━━━━━ Recorded data ━━━━━

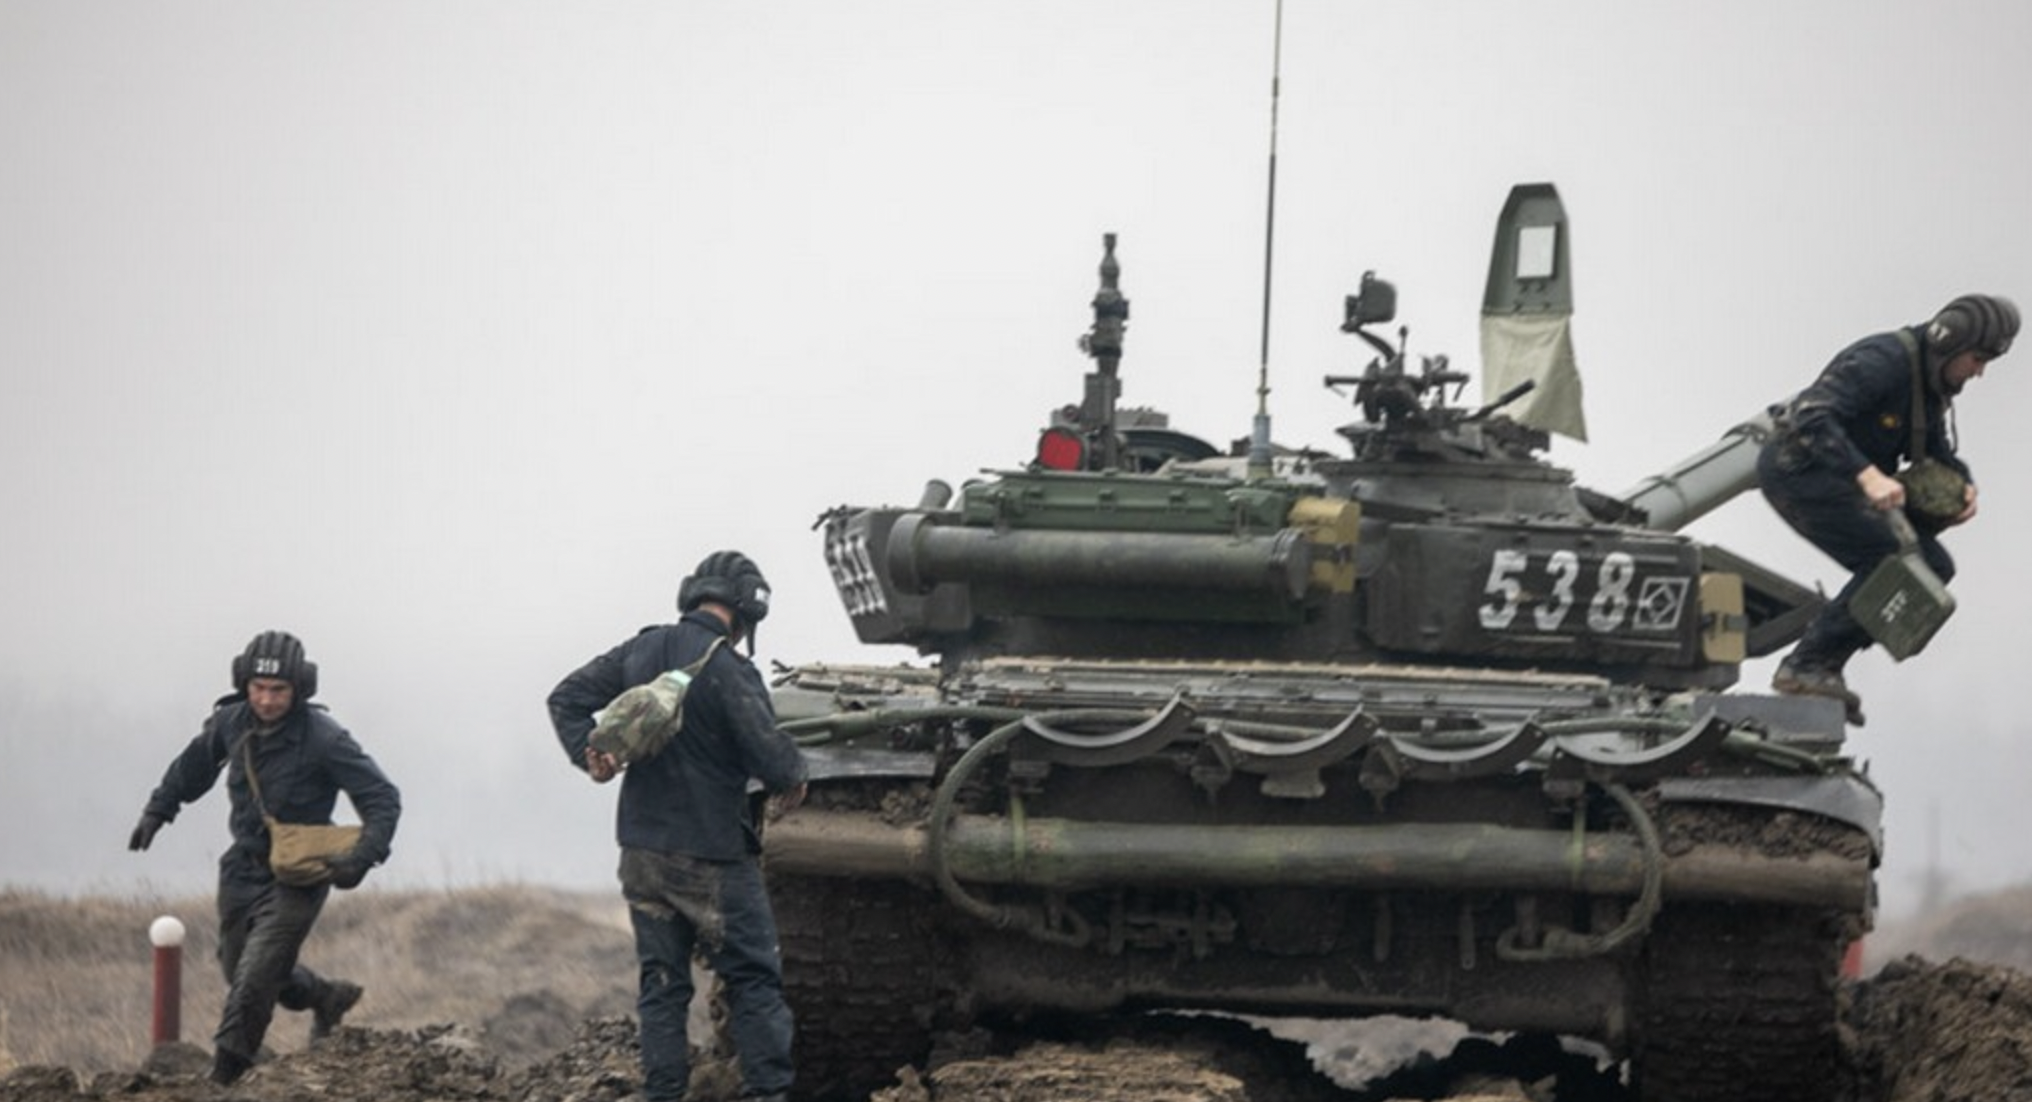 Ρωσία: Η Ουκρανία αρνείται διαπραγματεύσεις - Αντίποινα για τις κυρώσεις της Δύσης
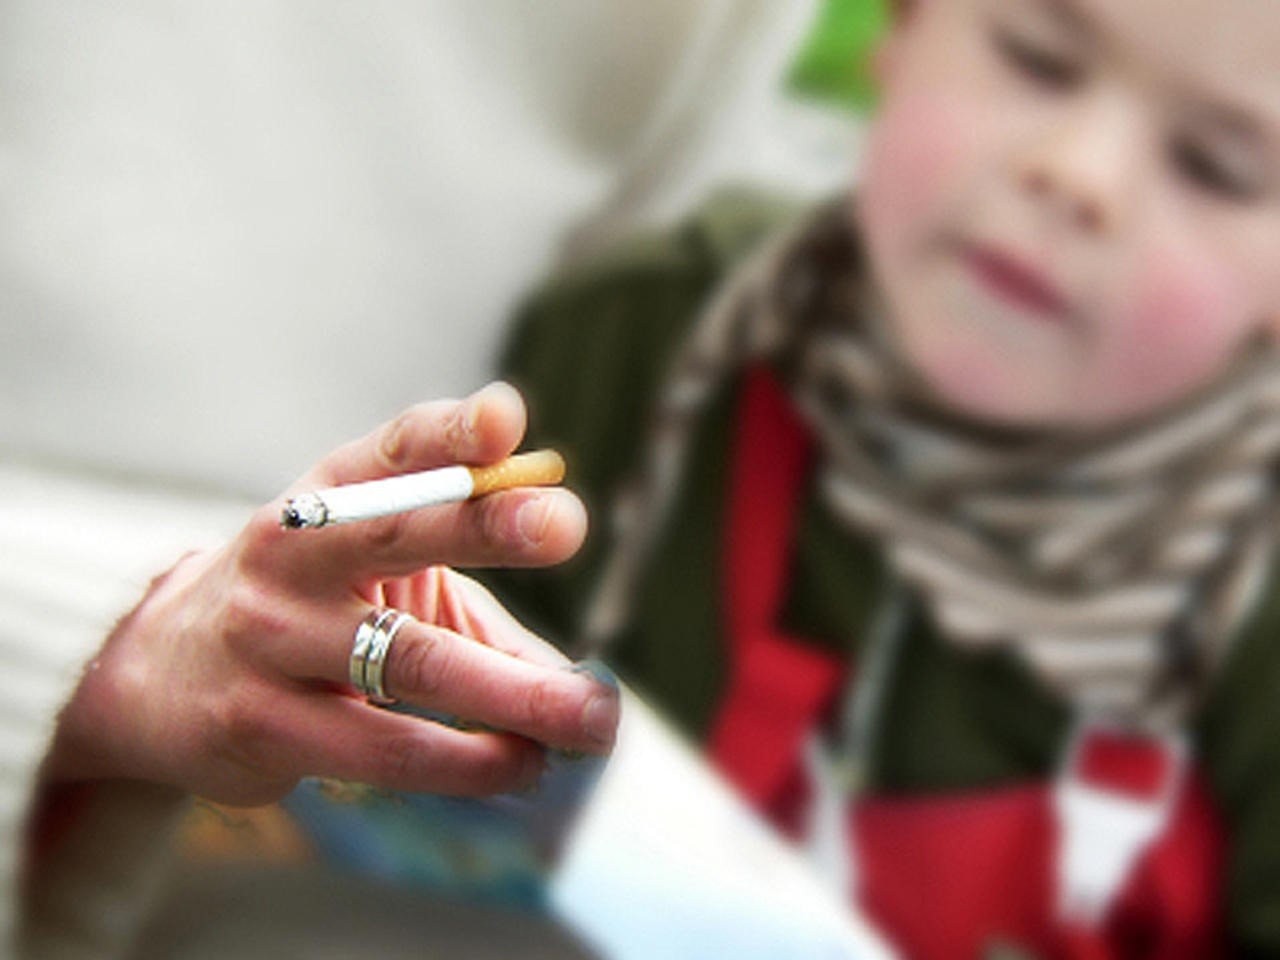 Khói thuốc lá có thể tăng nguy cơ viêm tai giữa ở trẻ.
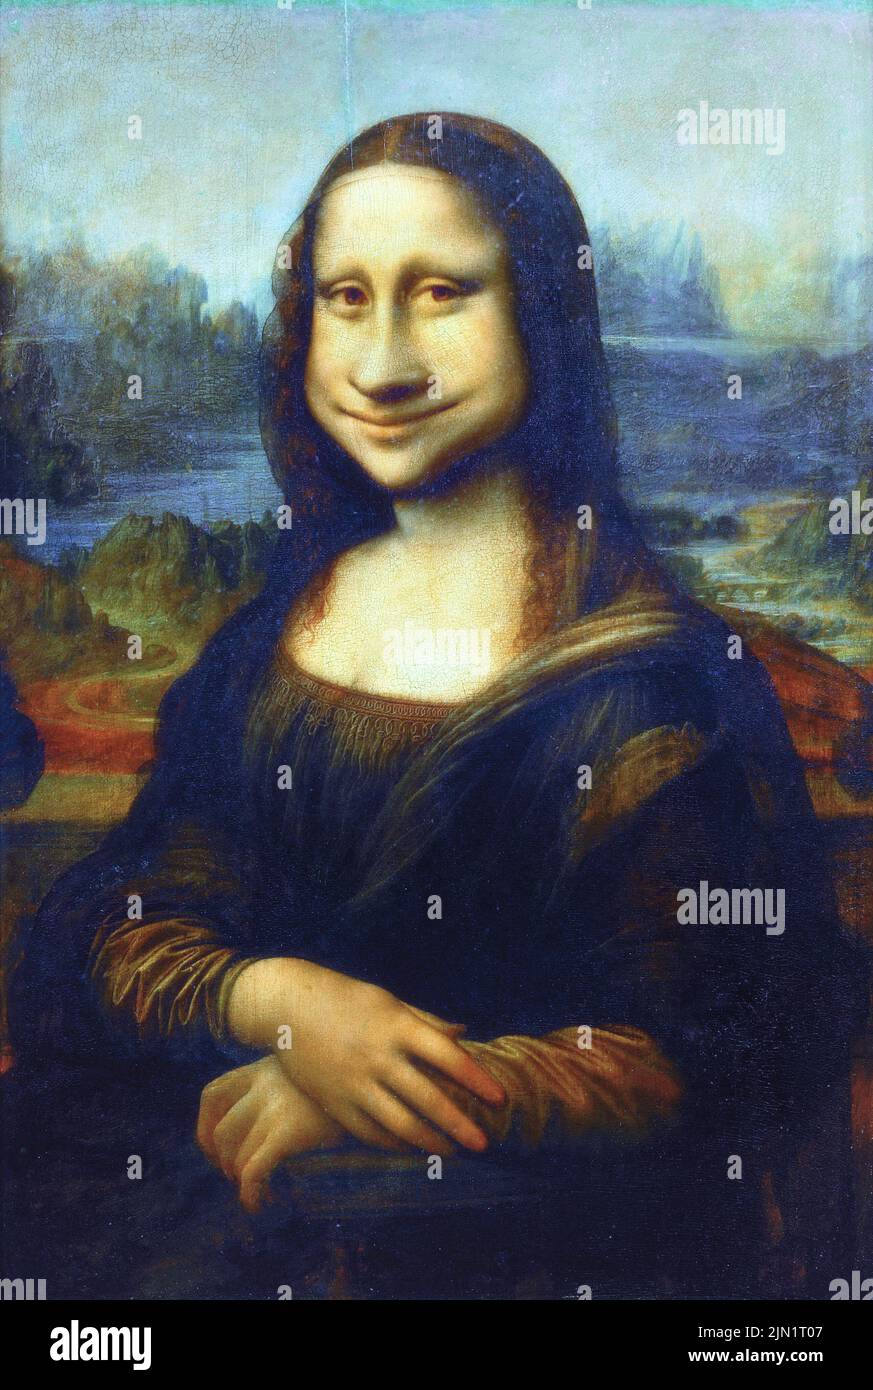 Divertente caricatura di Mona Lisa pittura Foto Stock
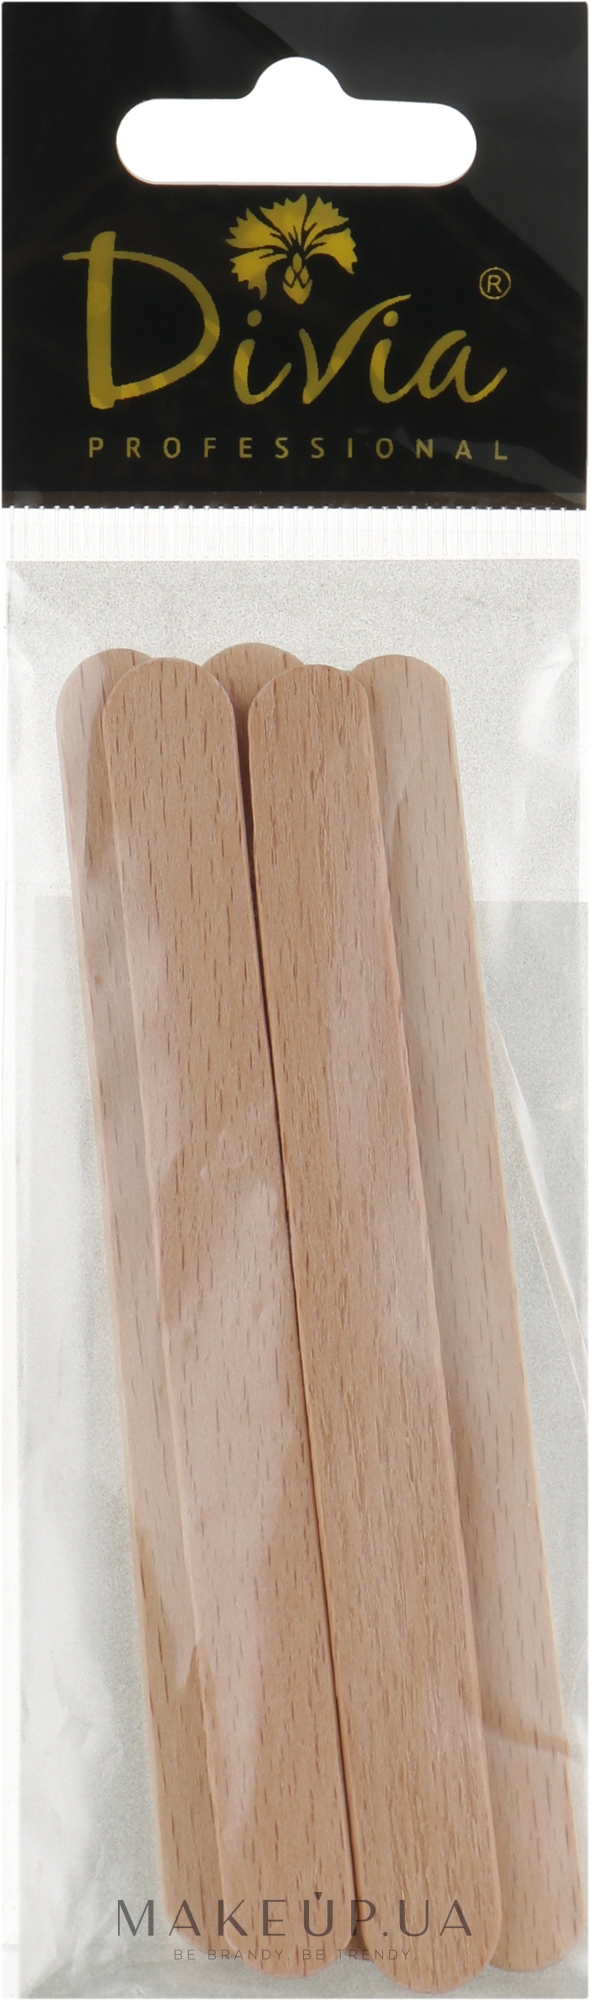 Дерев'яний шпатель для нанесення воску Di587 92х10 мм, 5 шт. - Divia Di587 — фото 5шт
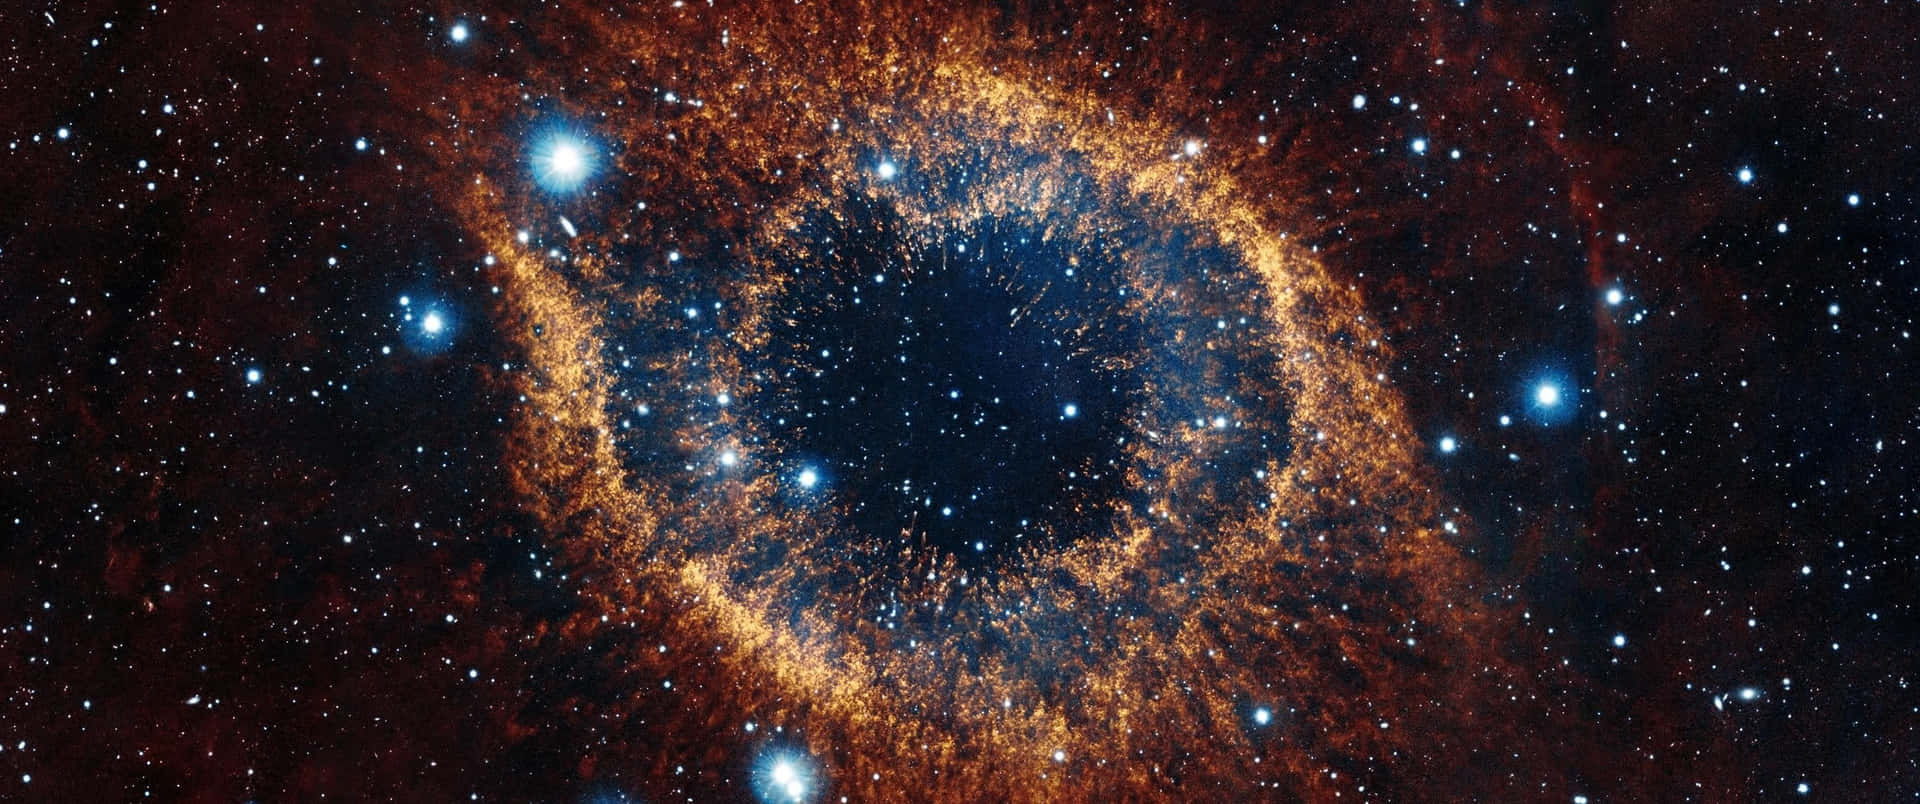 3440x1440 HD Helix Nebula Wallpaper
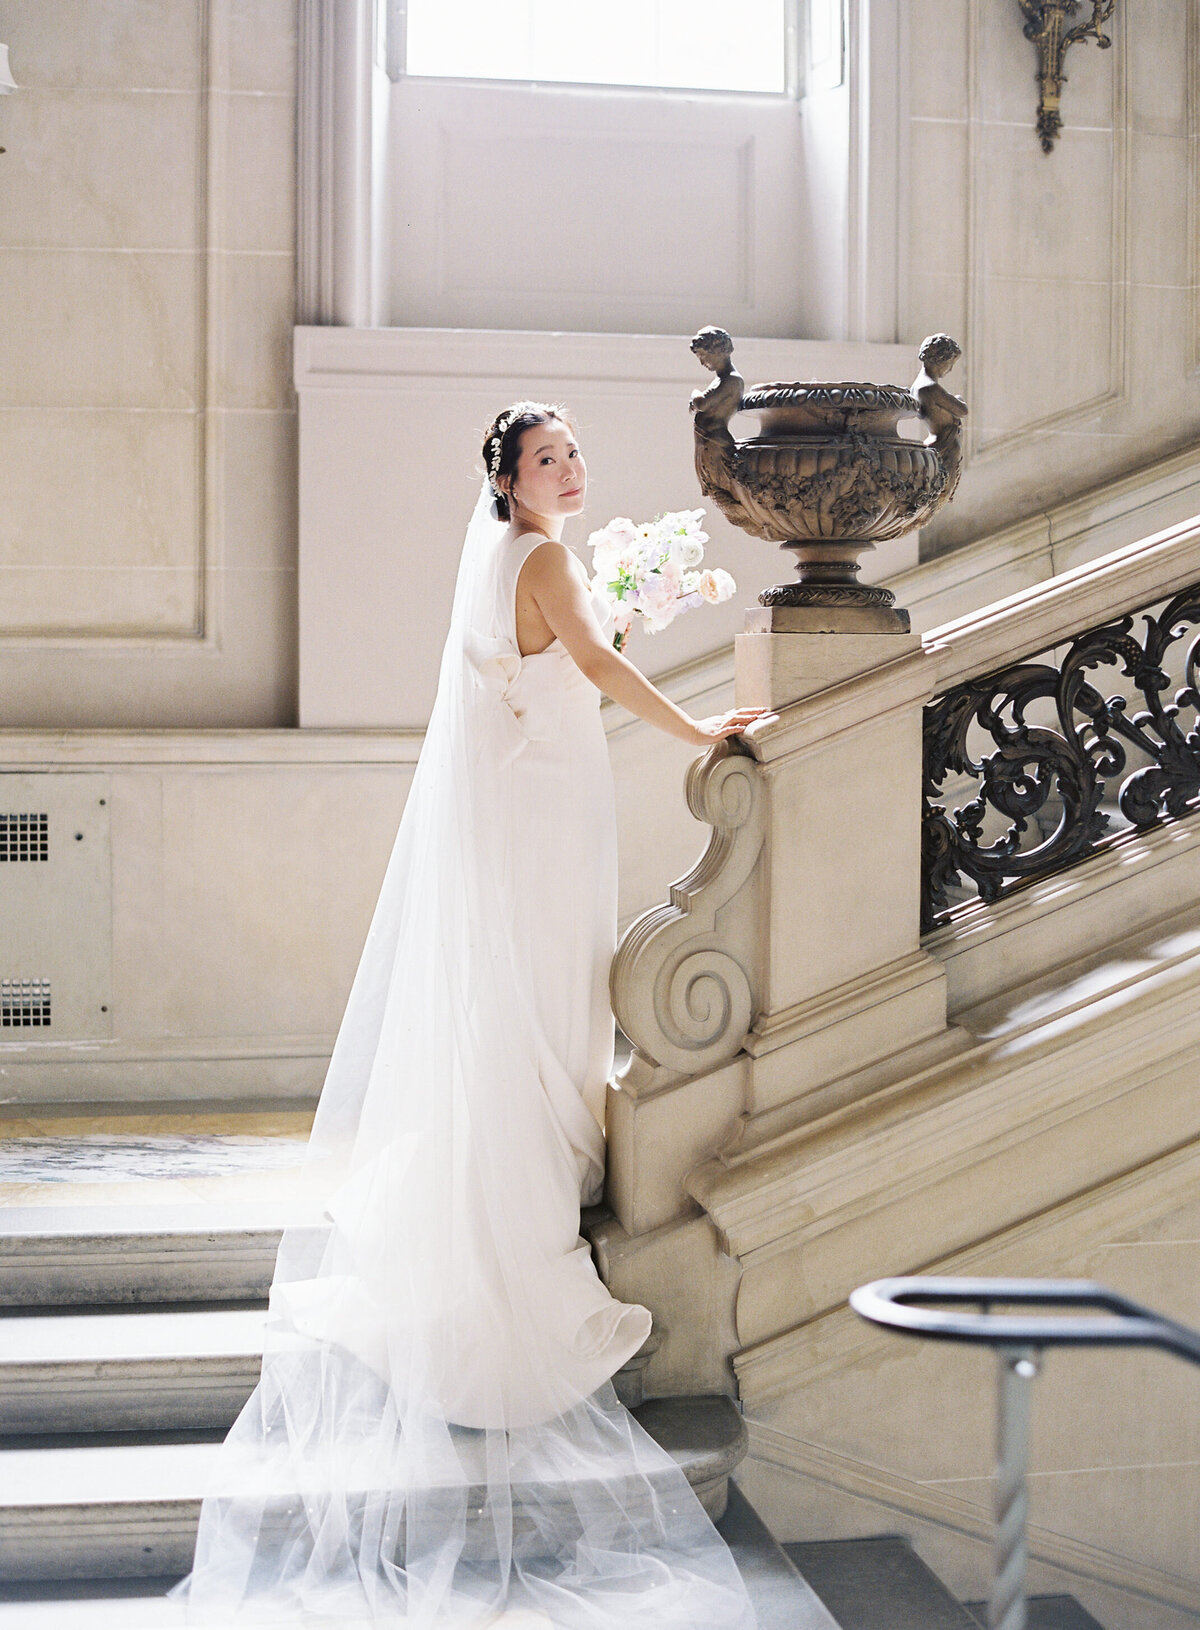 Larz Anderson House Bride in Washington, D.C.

━━━━━

Each line from the one containing "3440x1440 HD Helix Nebula Wallpaper" through the final line of the data must be reproduced exactly, both ends included, with no pictures in the copy.

Result for this exercise:
 3440x1440 HD Helix Nebula Wallpaper
 Larz Anderson House Bride in Washington, D.C.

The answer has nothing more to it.